Ever thought about the relationship between sound and time..When you look at a watch you are not only looking at the dial, but also in some way internalising the beat of the tick-tock of the hands. The sounds of time can be enthralling and as you enter this beautiful universe where chiming time takes precedence, you just cannot ignore the ingenious complication of the minute repeater.
A repeater chimes the time on demand. It involves the activation of a pushpiece for the purpose. While a simple repeater can strike the hours and quarters, a minute repeater will use separate tones for hours, quarter-hours and minutes to sound the time down to the minute. Three different sounds are generally used for the hours, quarter-hours and minutes.
Why are they so sought-after? For one, they are the oldest and most traditional of watch complications. The history of the minute repeaters has a very practical side to it. After all, they were useful in telling time in the dark before we had electricity! They were also a boon for the visually impaired. Edward Barlow, an English cleric, invented a mechanism that could strike the time on demand in 1678. Various developments ensued.
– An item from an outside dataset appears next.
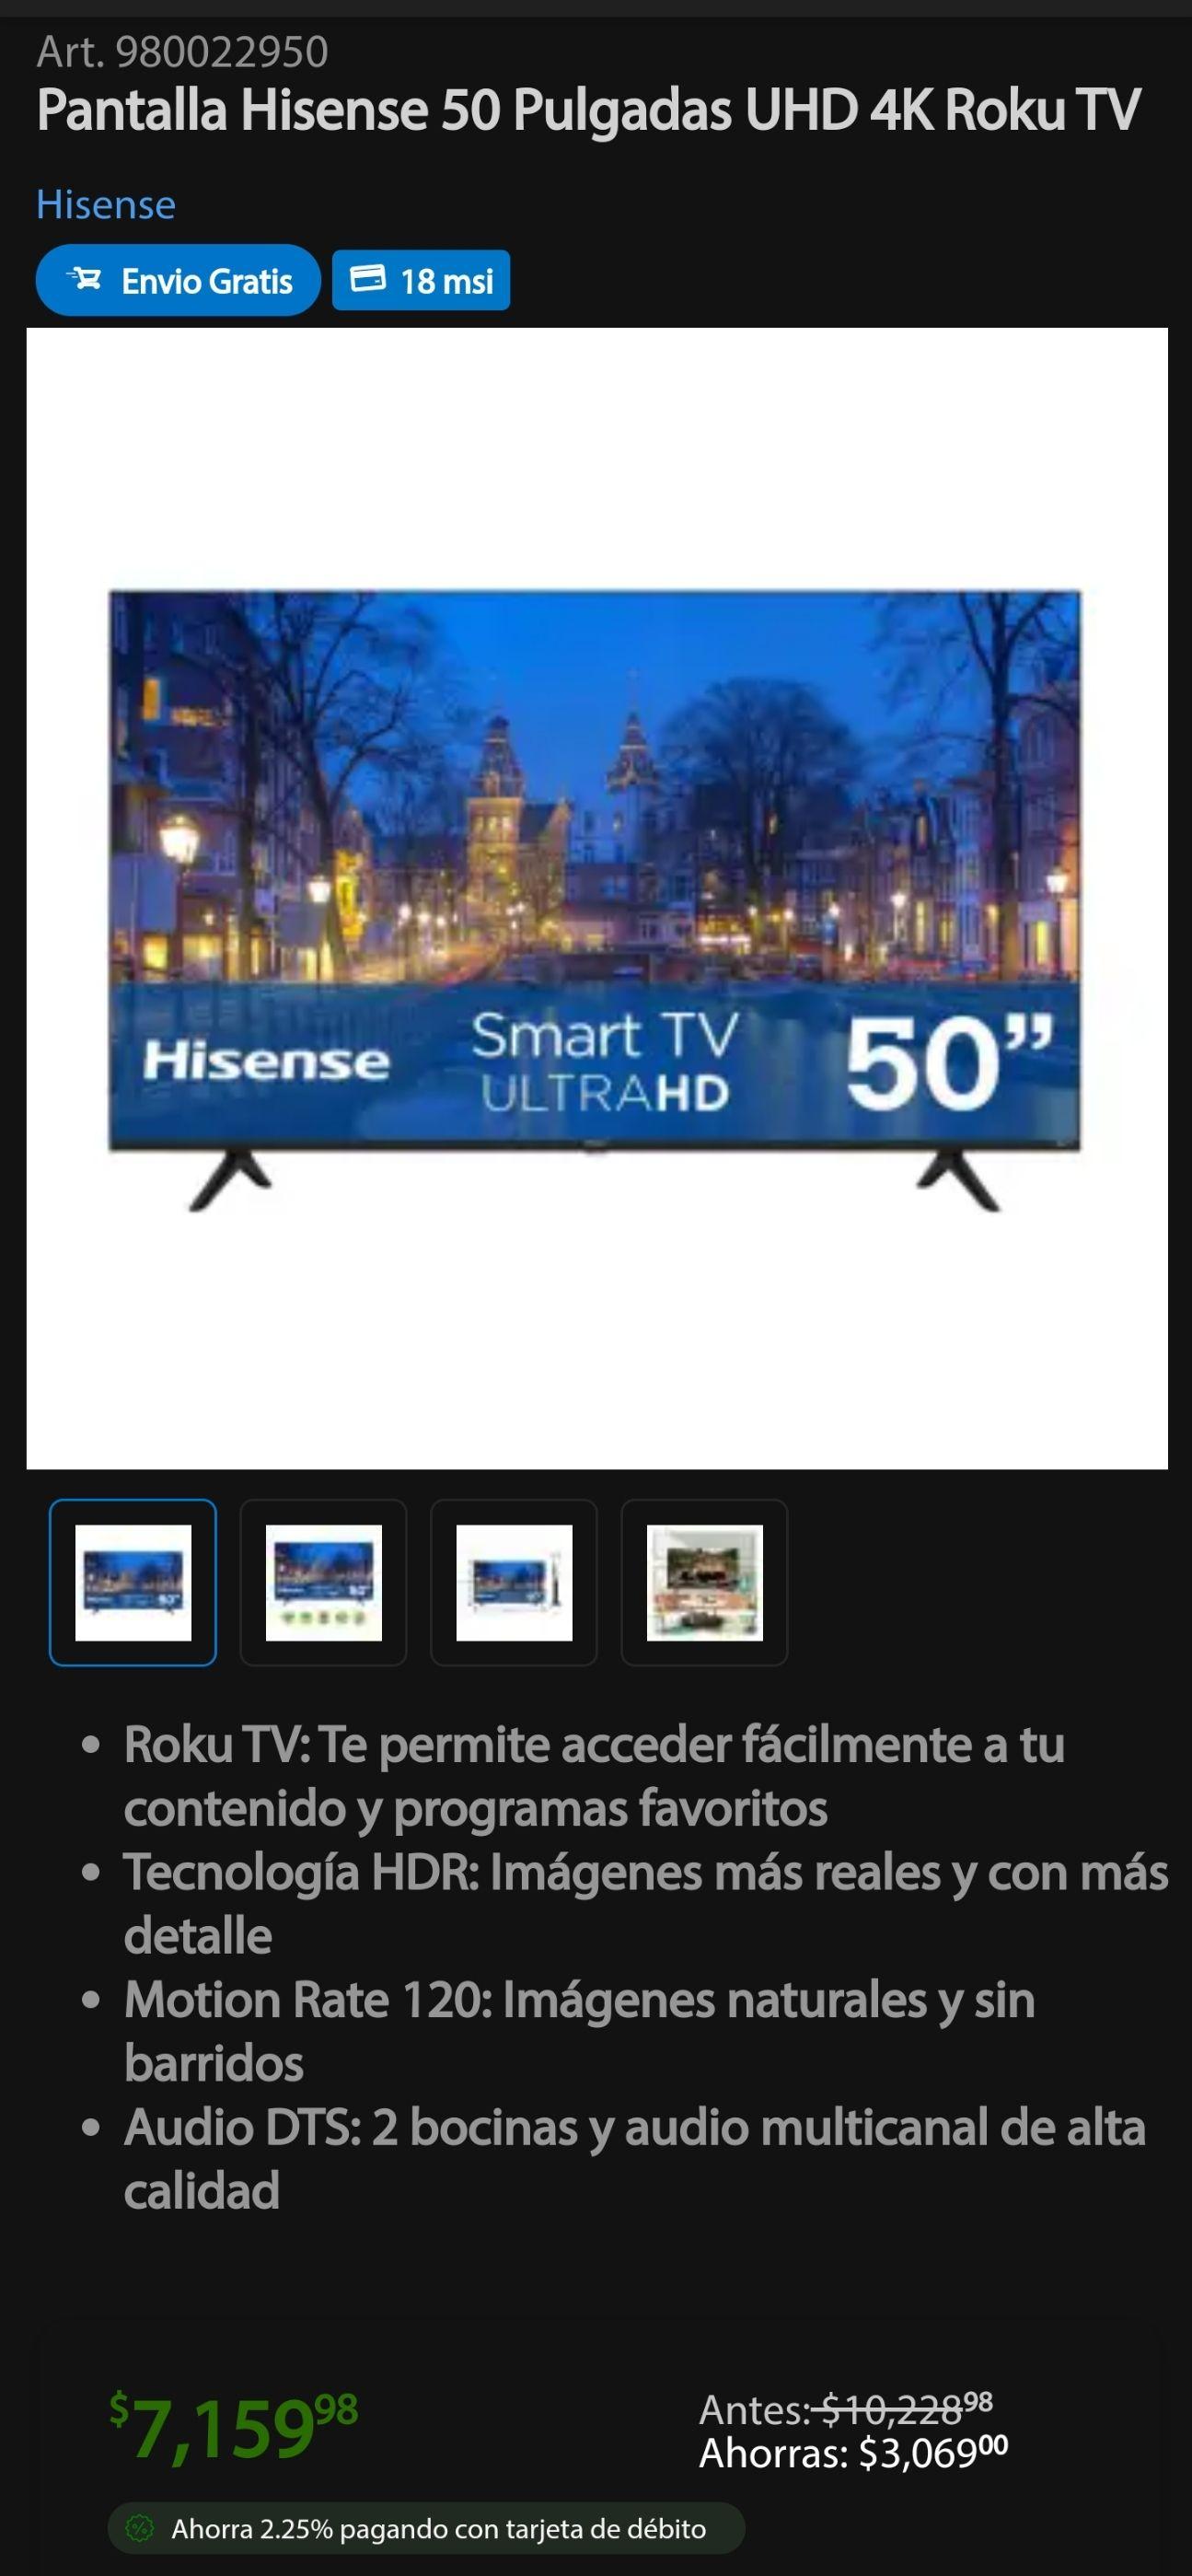 Sam's Club: Pantalla Hisense 50 Pulgadas UHD 4K Roku TV (2020) R6000GM

At the end of the 18th century, Breguet produced the mechanism heralded as the basis for modern minute repeaters. There have been numerous enhancements and several improvisations since. The big brands of the horological world have all entered the world of minute repeaters. Today Patek Philippe, Christophe Claret, Bvlgari, Jaeger-LeCoultre, Voutilainen to name a few, continue to innovate and come out with exceptional pieces.
But making a minute repeater is no child’s play. Each minute repeating mechanism has about a 100 components, each of which has to be manufactured in a particular manner. But that is only the starting point! To integrate these components into a small case of a wristwatch is another story of skill altogether! It is something that only a master watchmaker with years, or rather decades of experience can accomplish. And that too, after a painstaking assembling process that can last between 200 and 300 hours! Much of the precision has also to do with the fact that the striking of small hammers on differently tuned gongs sound the time. The perfection of the sound of the gongs is yet another story!
Since they are really complex repeater mechanisms, collectors, connoisseurs and watch lovers covet minute repeaters. Who wouldn’t? After all, they are ‘The’ masterpieces of precision engineering. Everything has to be perfect to deliver the perfect sound that carries the wearer away in a distant world.